Thoughts & Opinions

by

Eva Del Rio

A collection of columns

and articles about HR

and the workplace

My Favorite Workplace Trends for 2018

2018 Workplace Trends

During the last week of every year, I scout business articles and professional journals for next year’s workplace trends (so you don’t have to).  Here are the three I found most interesting for 2018:

More human interaction

Consider this a backlash/adjustment to the “remote working” trend.  IBM stopped their program, bringing thousands of employees back to the office. Apple’s is redesigning their workspace to  promote worker relationships, idea-sharing and collaboration. Google Cafés encourage interactions between employees across departments and teams. Companies find that when employees bump into each other in real life, it sparks creativity and relationship-building that leads to good things.
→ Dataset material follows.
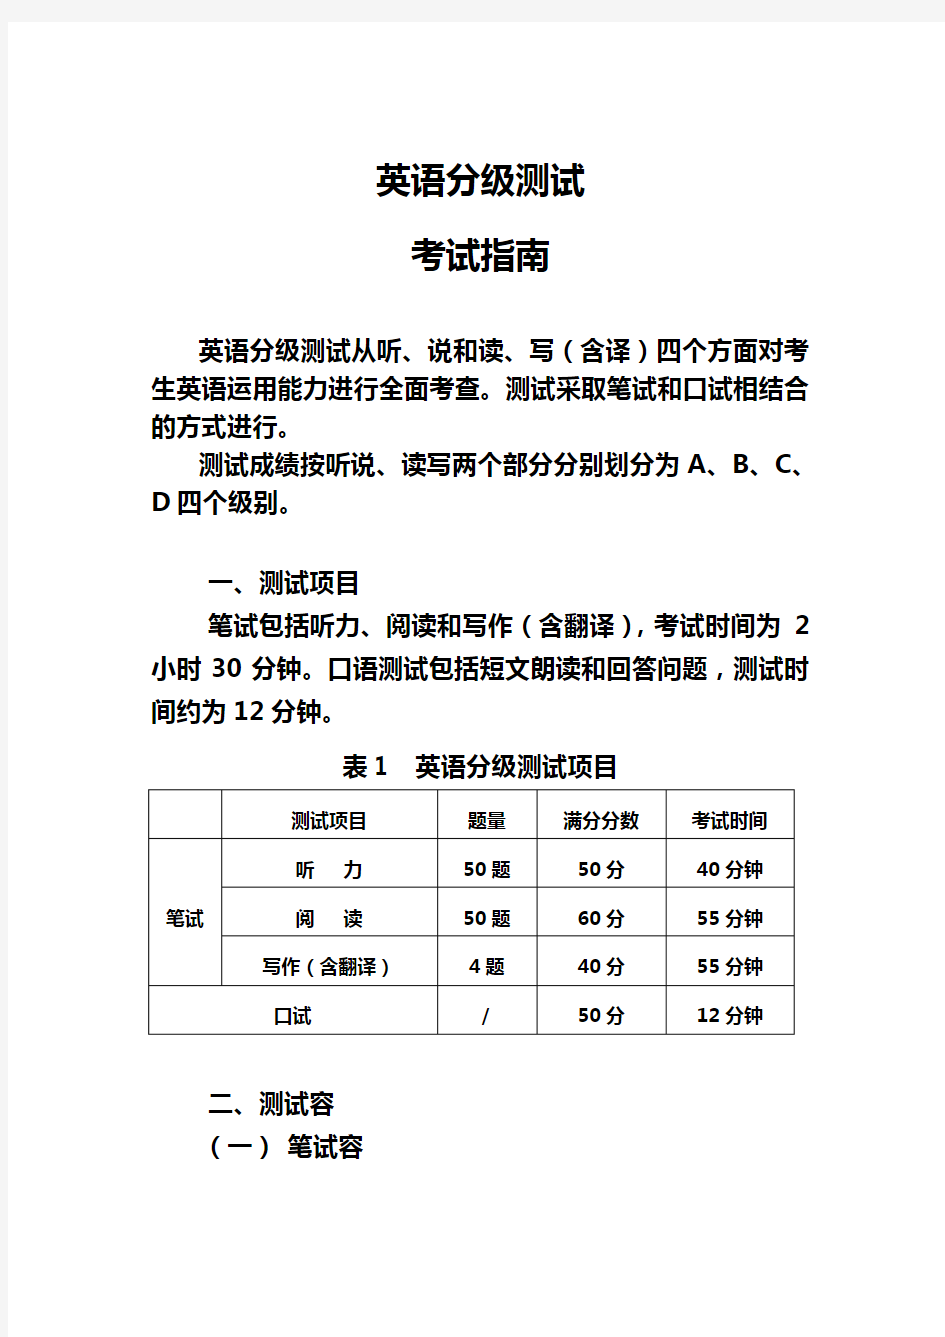 中国石化英语分级测试考试的指南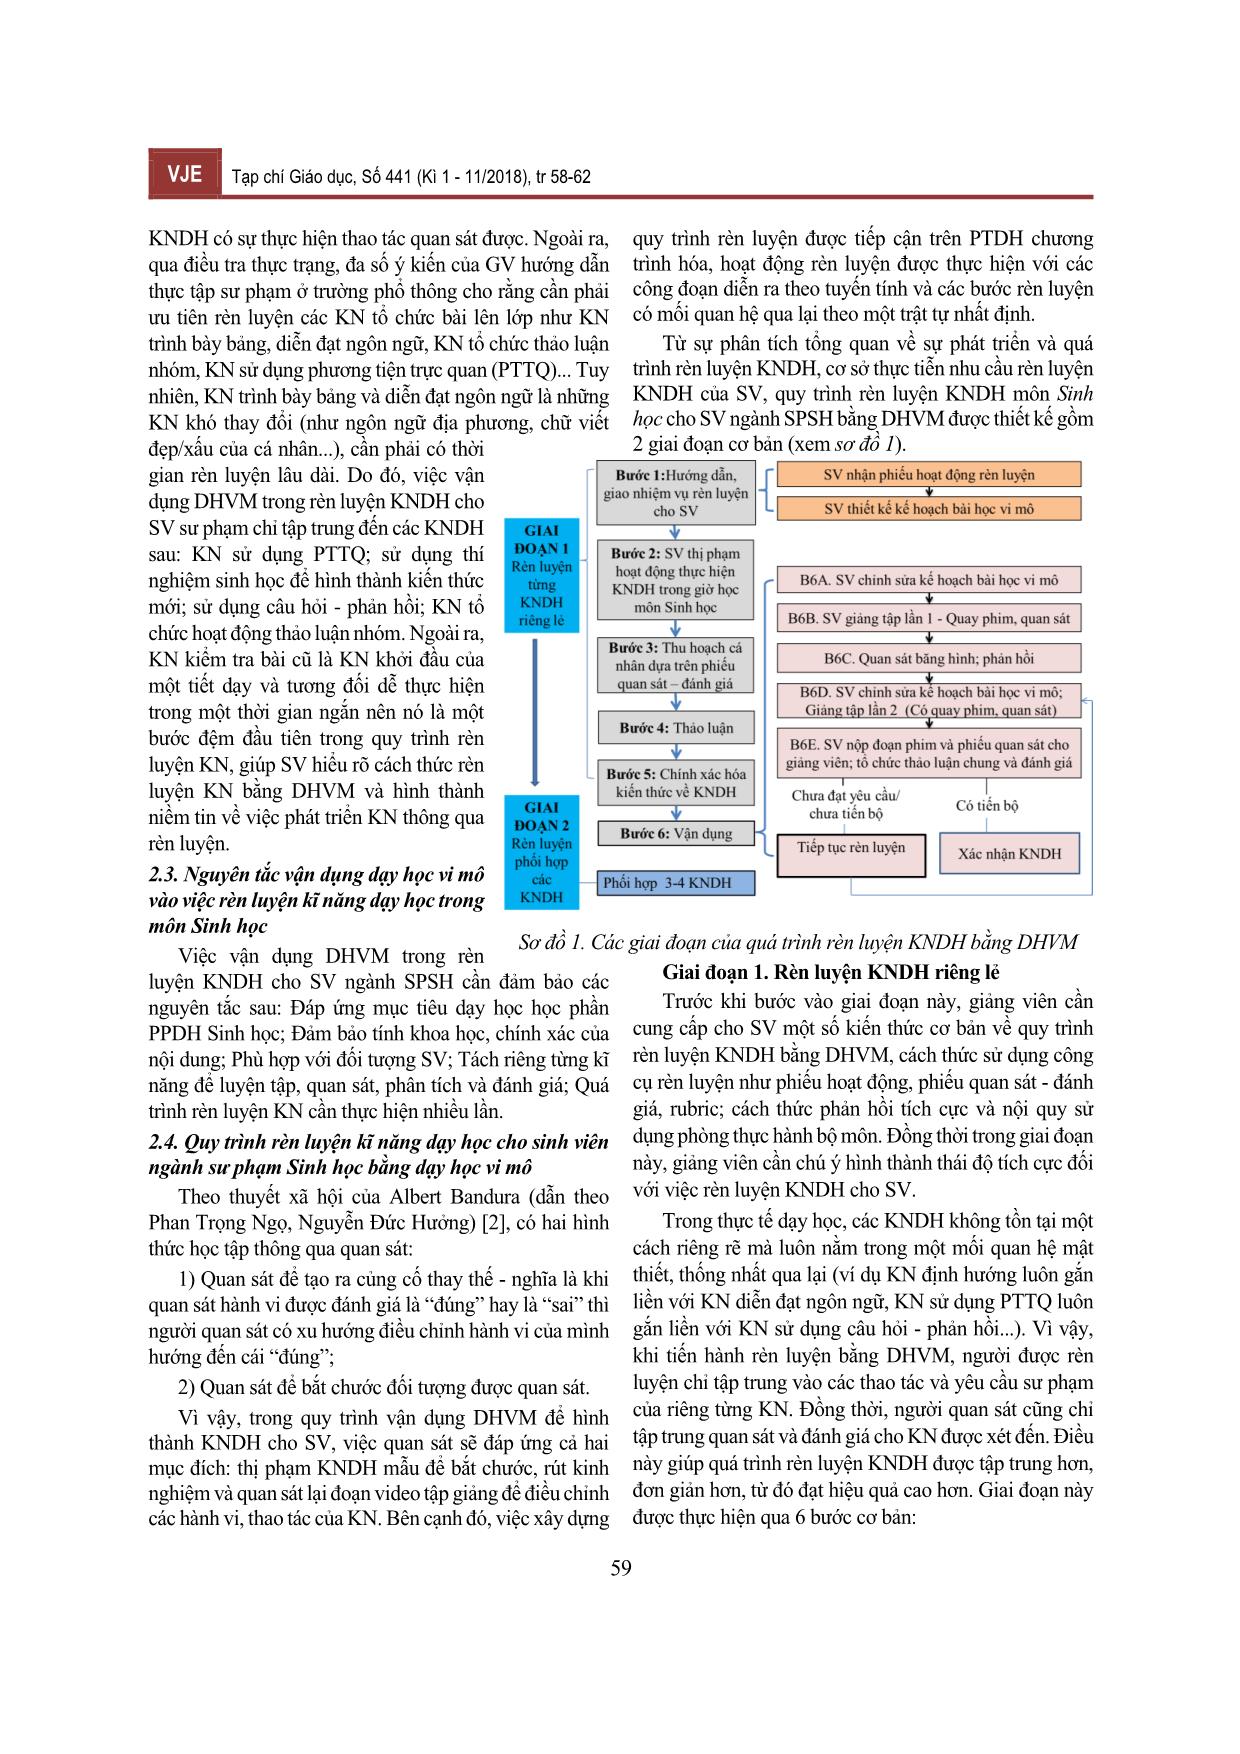 Quy trình vận dụng dạy học vi mô trong rèn luyện kĩ năng dạy học cho sinh viên ngành Sư phạm Sinh học trang 2

IMPLICATION: Nothing beats face-to-face communication. According to Harvard Business Review, researchers  found that one face-to-face conversation is the equivalent to 34 emails.

Retraining current workers

There’s a focus on bringing manufacturing jobs back , but we actually don’t have a lack of jobs, we have a skills gap.  According to the Bureau of Labor Statistics there are currently 6.2 million unfilled job openings. Companies can’t find workers with the right skills. In addition,  we not only lack the right set of skills, but those we do have are becoming less relevant quicker.  Change is happening so fast that the half-life of a learned skill is only five years.  And, this sentence blew my mind: “As our youngest Generation Z enters the workplace, they face an even greater skills gap, where 65% of the jobs they will need to fill don’t even exist yet.”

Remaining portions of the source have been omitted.